= WORK TASK =
Excluding pictures, what does the listing below contain from the line with "Použité-Pneu-Bazar - 145/80" up to and including the line with "Secondline Arts and", word for word?

= EXERCISE DATA =
━━━━━━━━━━━━━━━━

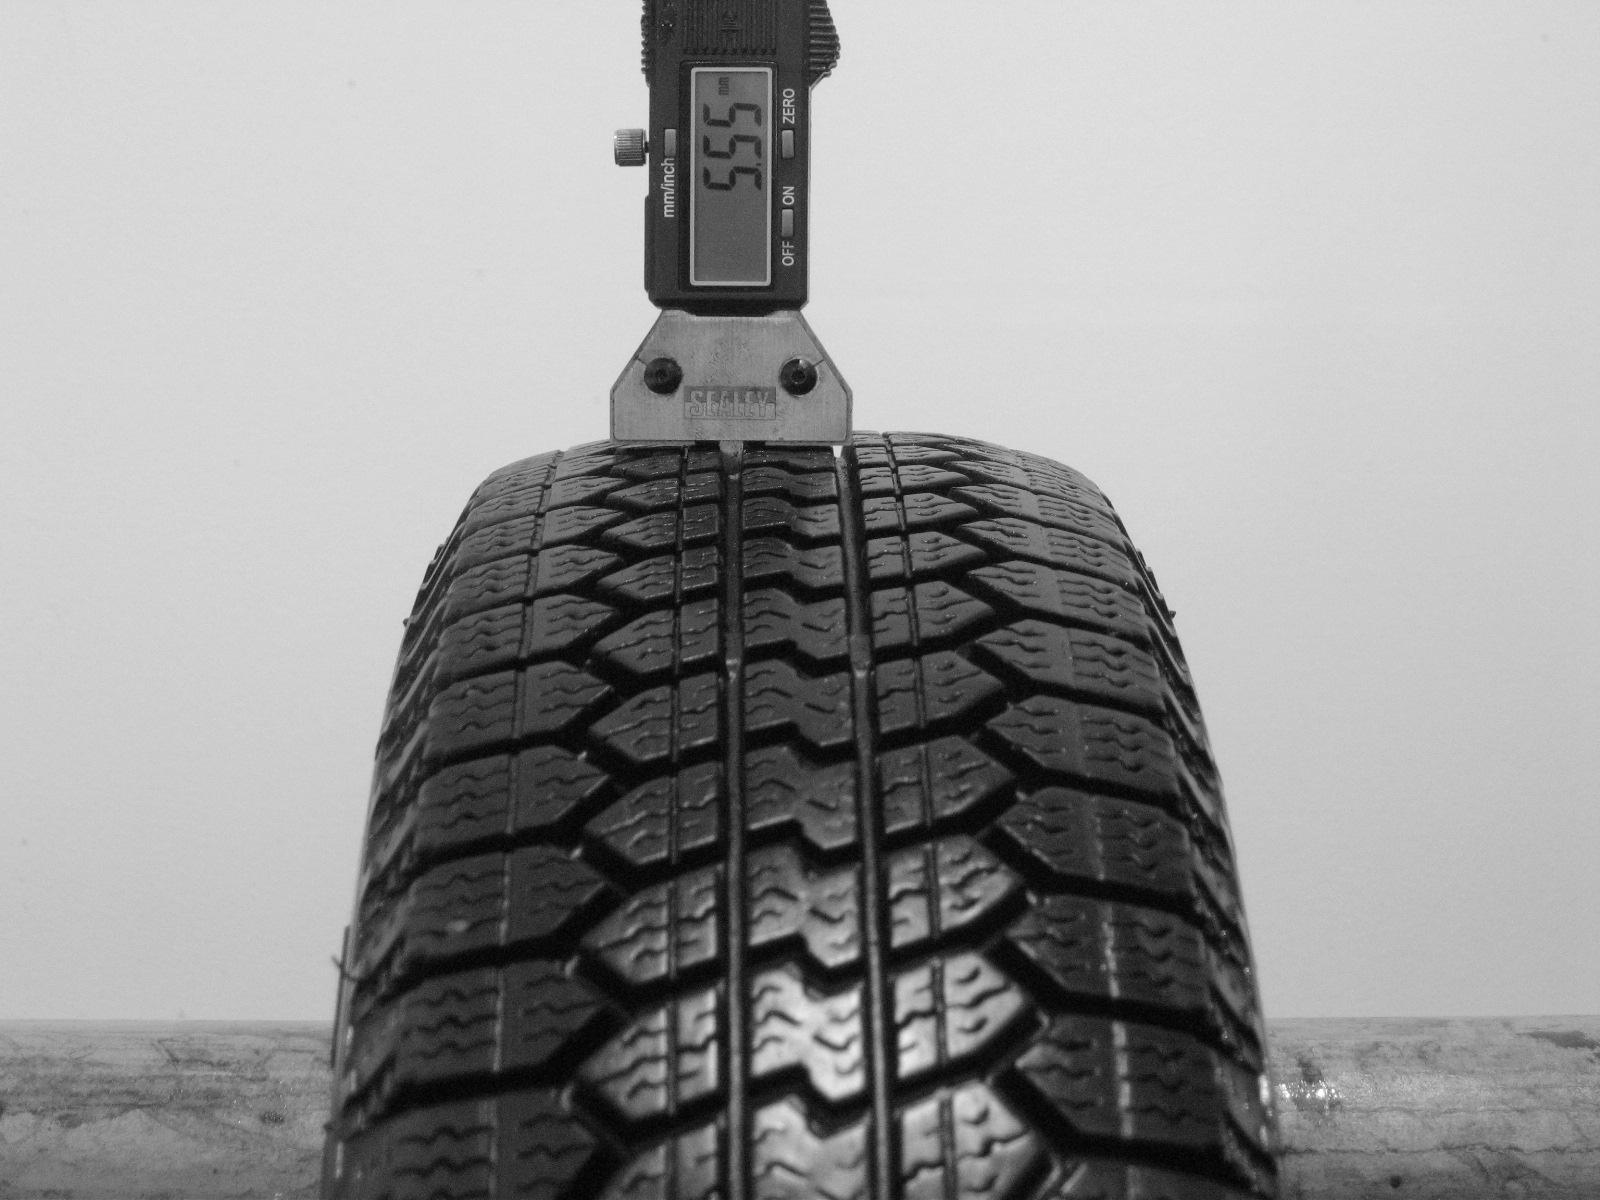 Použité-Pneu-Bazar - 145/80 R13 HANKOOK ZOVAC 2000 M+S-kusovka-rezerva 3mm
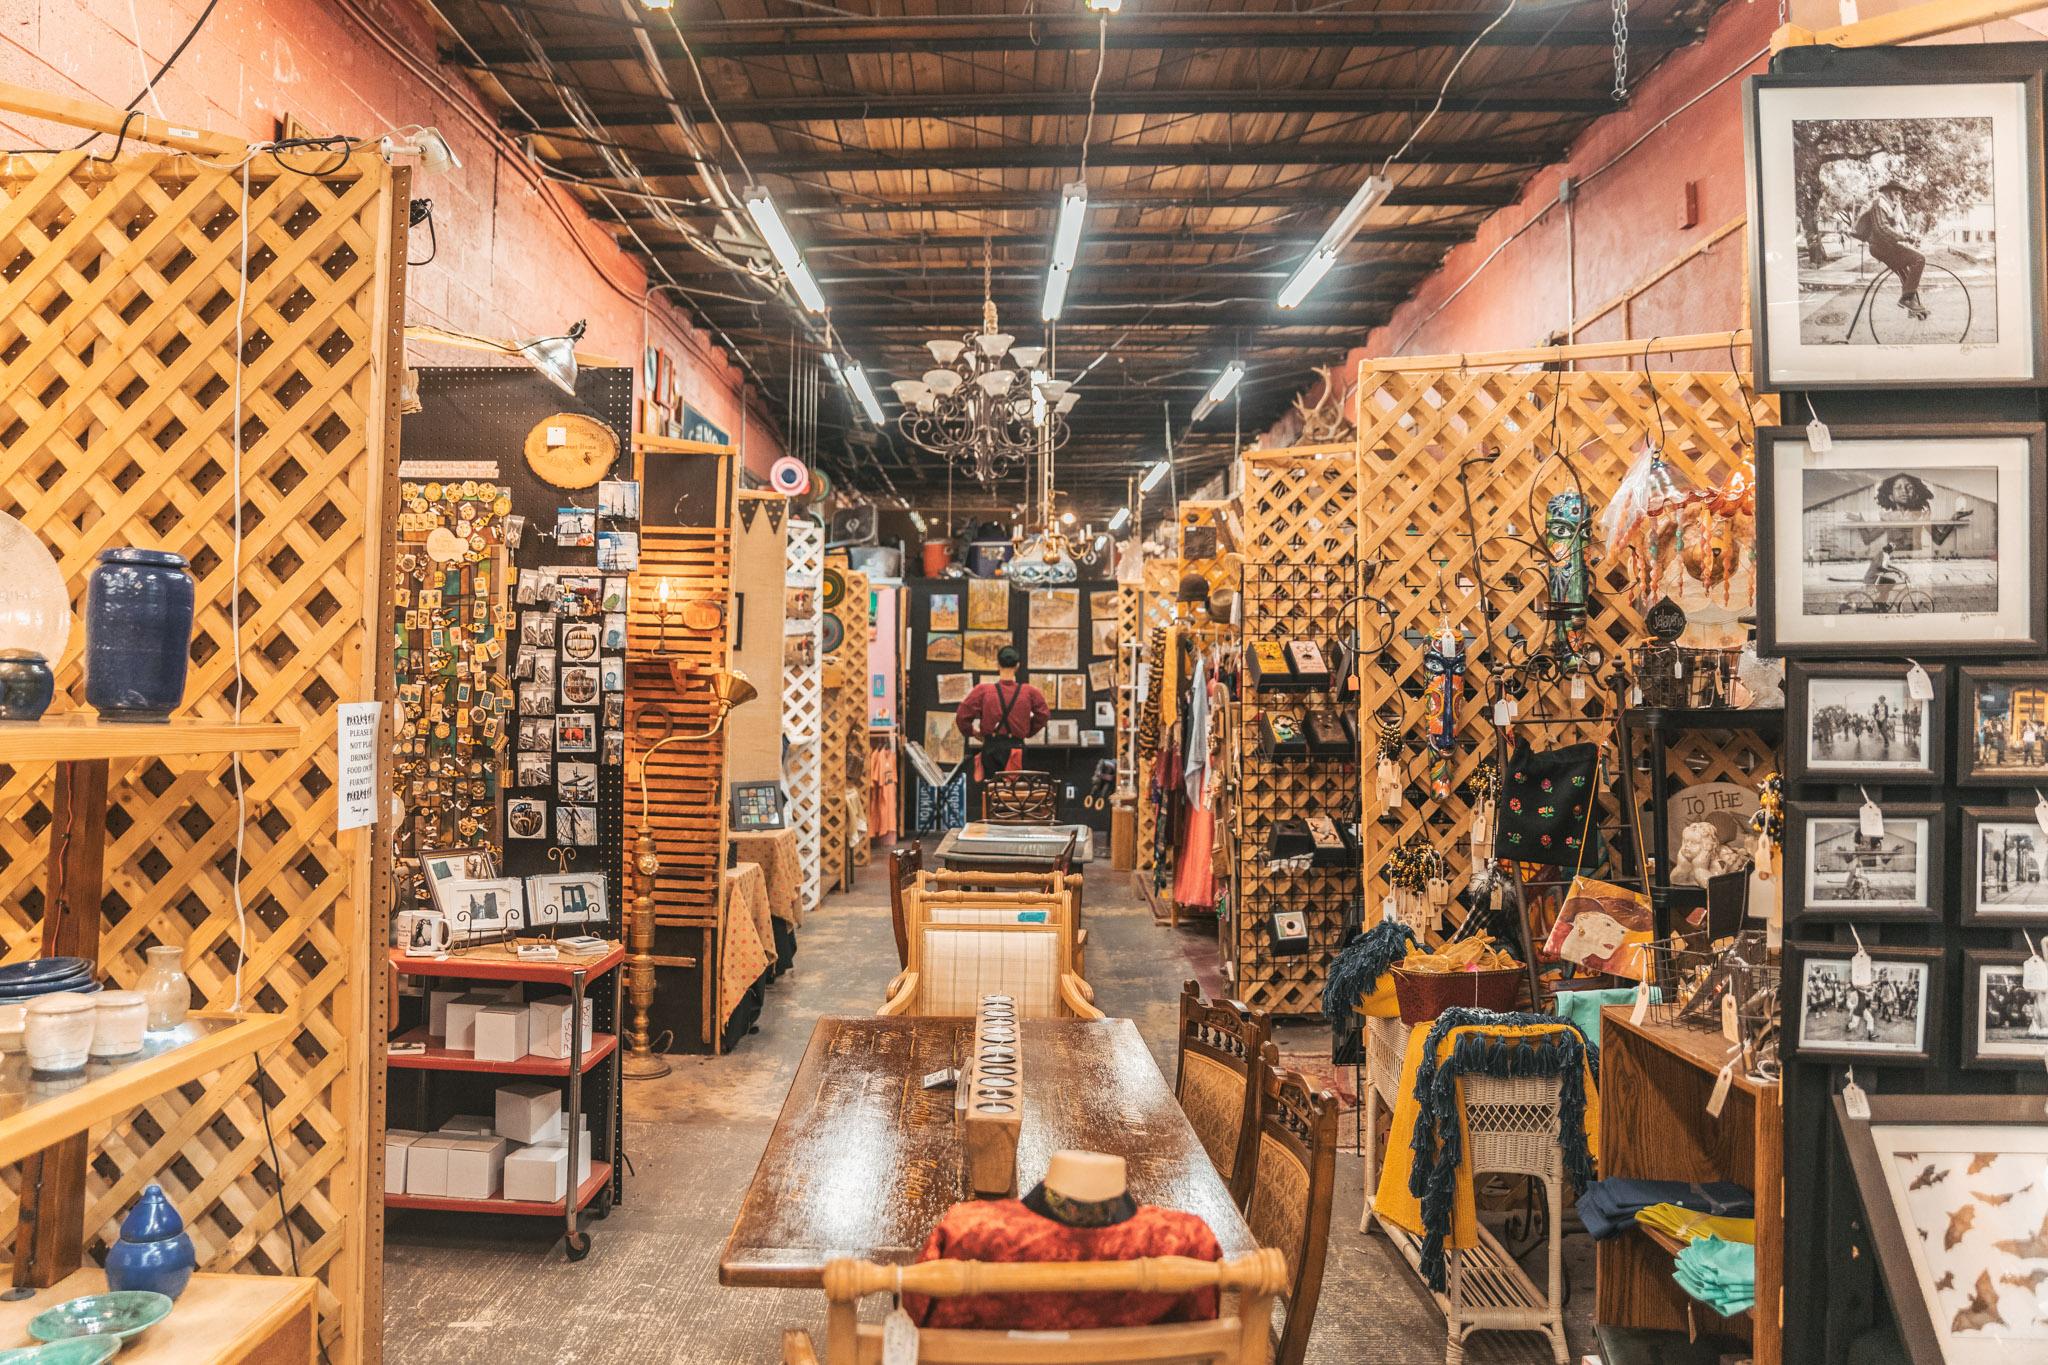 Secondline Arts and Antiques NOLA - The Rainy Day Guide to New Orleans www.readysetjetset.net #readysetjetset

━━━━━━━━━━━━━━━━

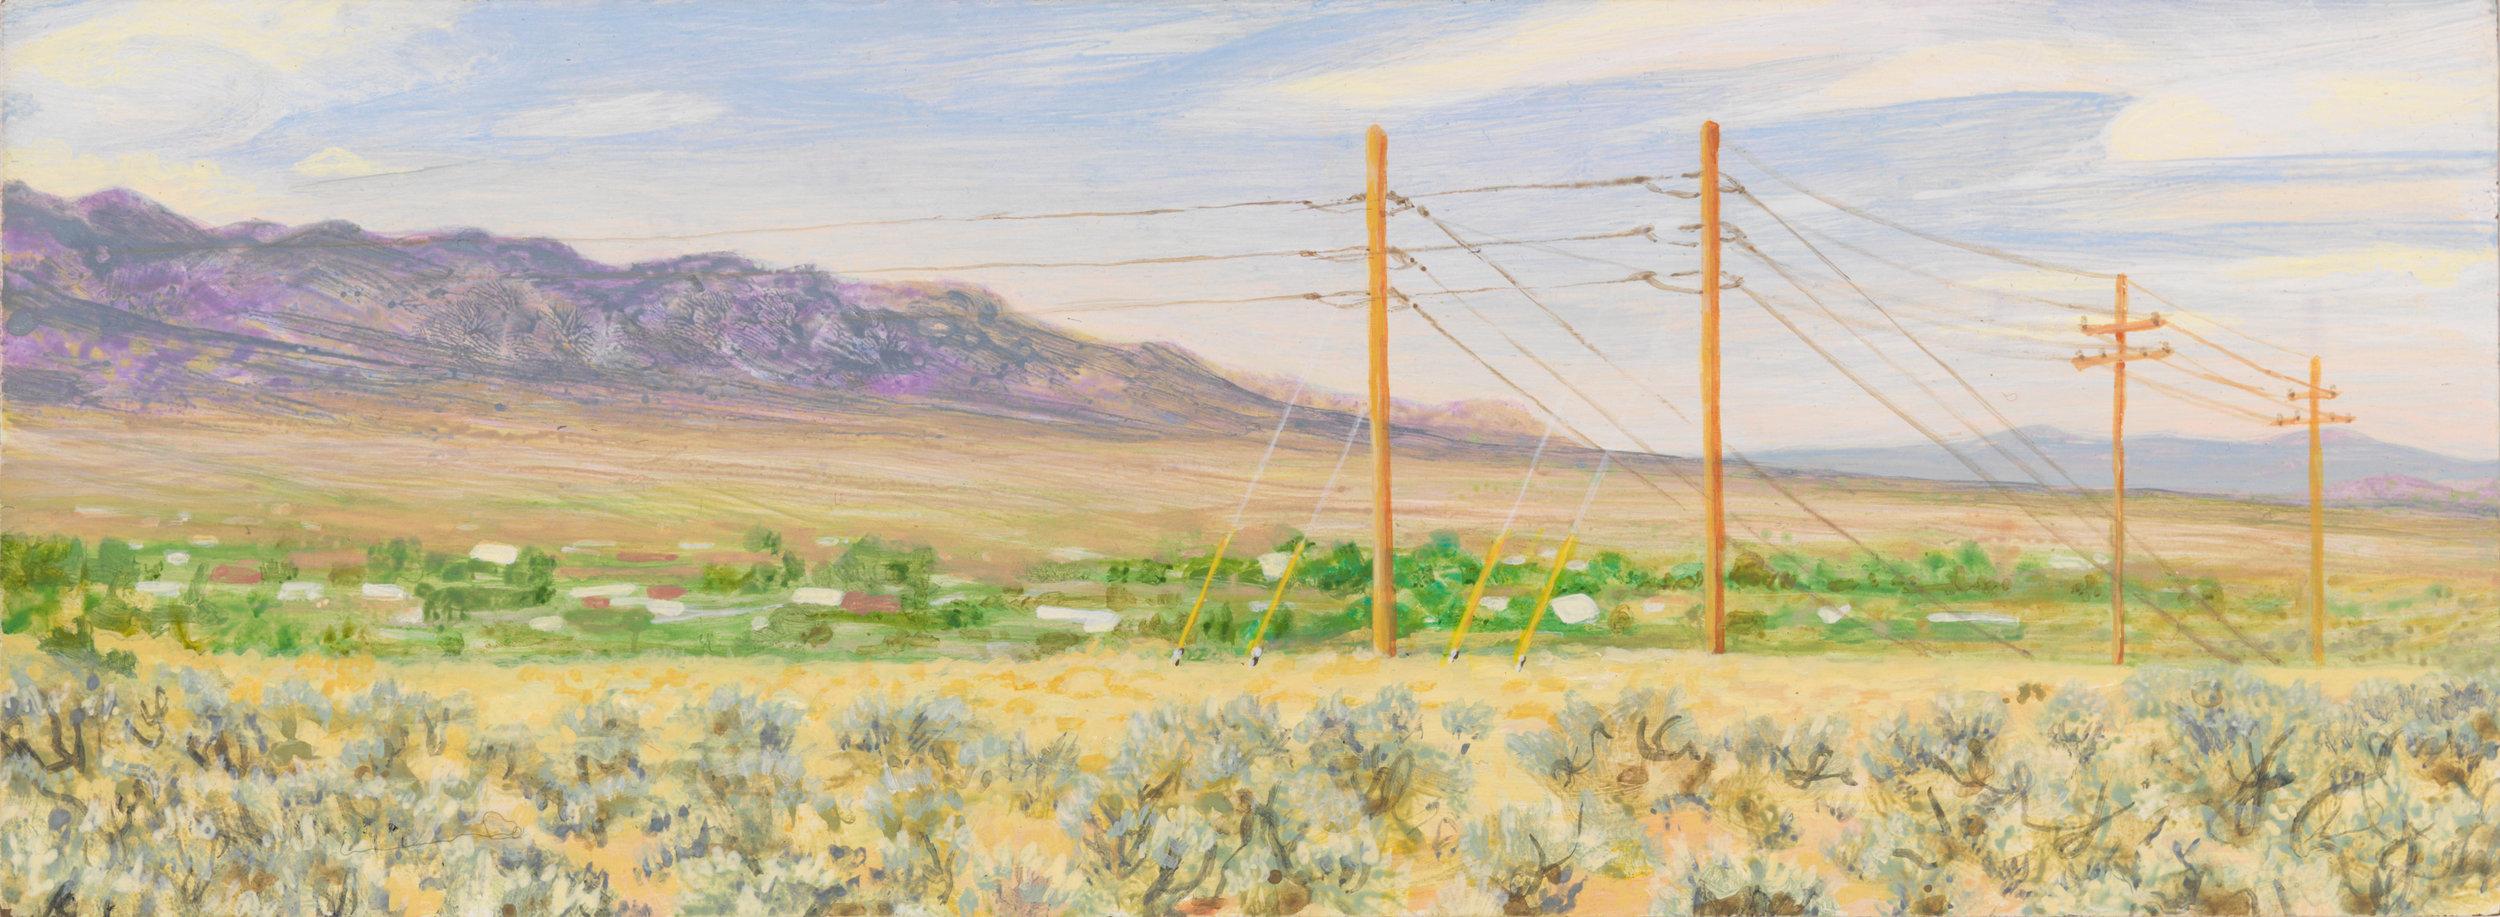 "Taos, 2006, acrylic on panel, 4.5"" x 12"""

━━━━━━━━━━━━━━━━

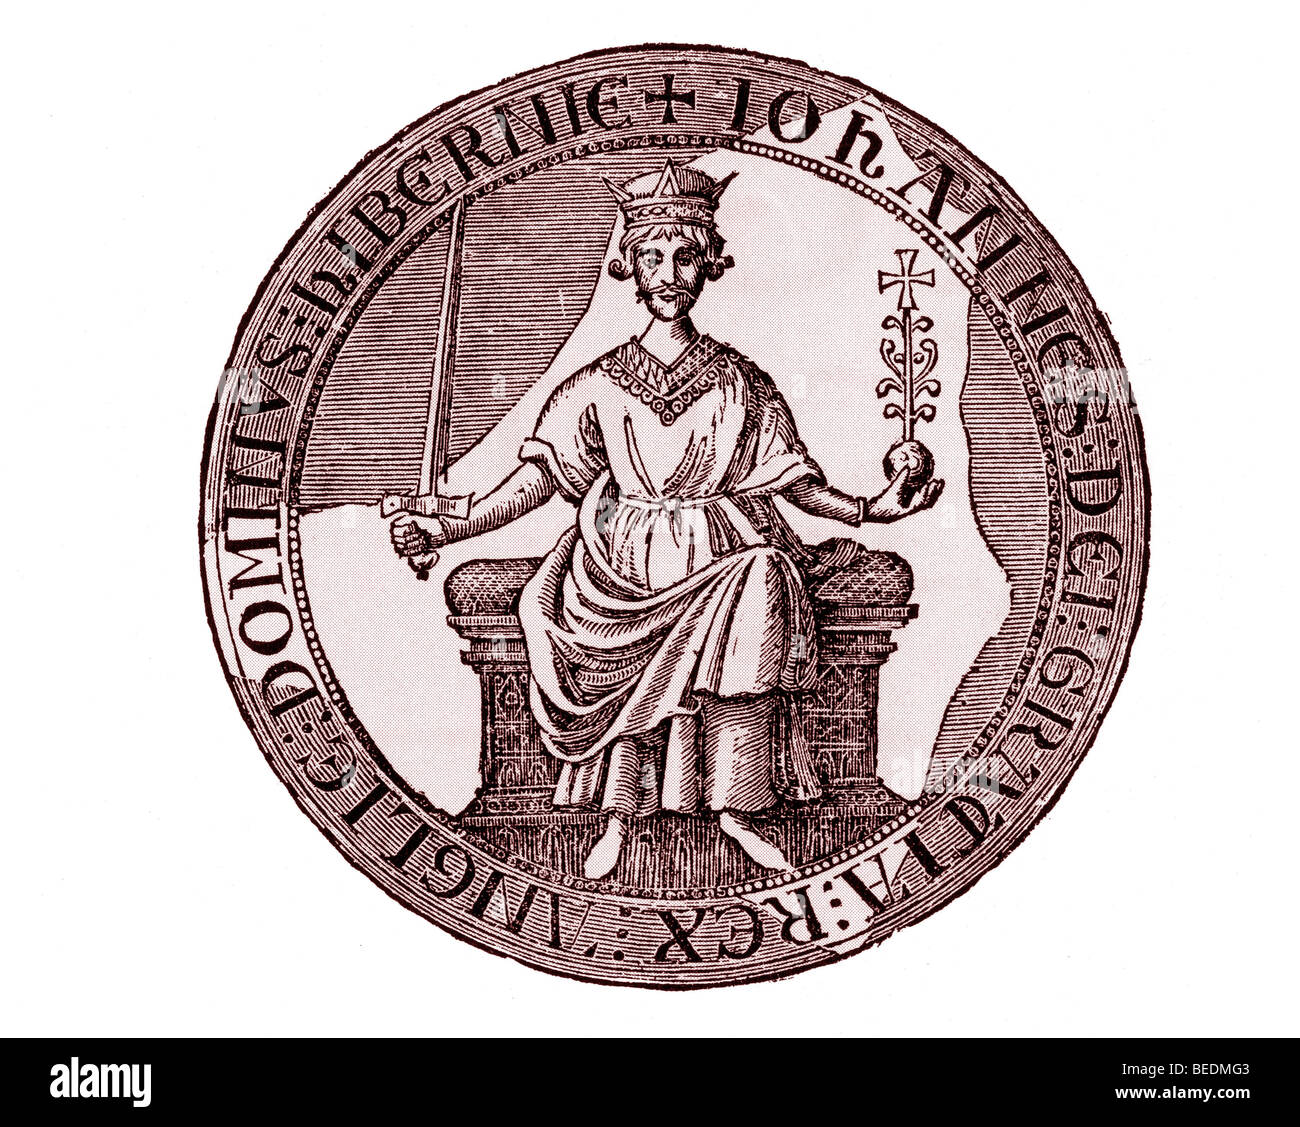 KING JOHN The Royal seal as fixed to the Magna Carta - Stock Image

━━━━━━━━━━━━━━━━

= EXERCISE ANSWER =
 Použité-Pneu-Bazar - 145/80 R13 HANKOOK ZOVAC 2000 M+S-kusovka-rezerva 3mm
 Secondline Arts and Antiques NOLA - The Rainy Day Guide to New Orleans www.readysetjetset.net #readysetjetset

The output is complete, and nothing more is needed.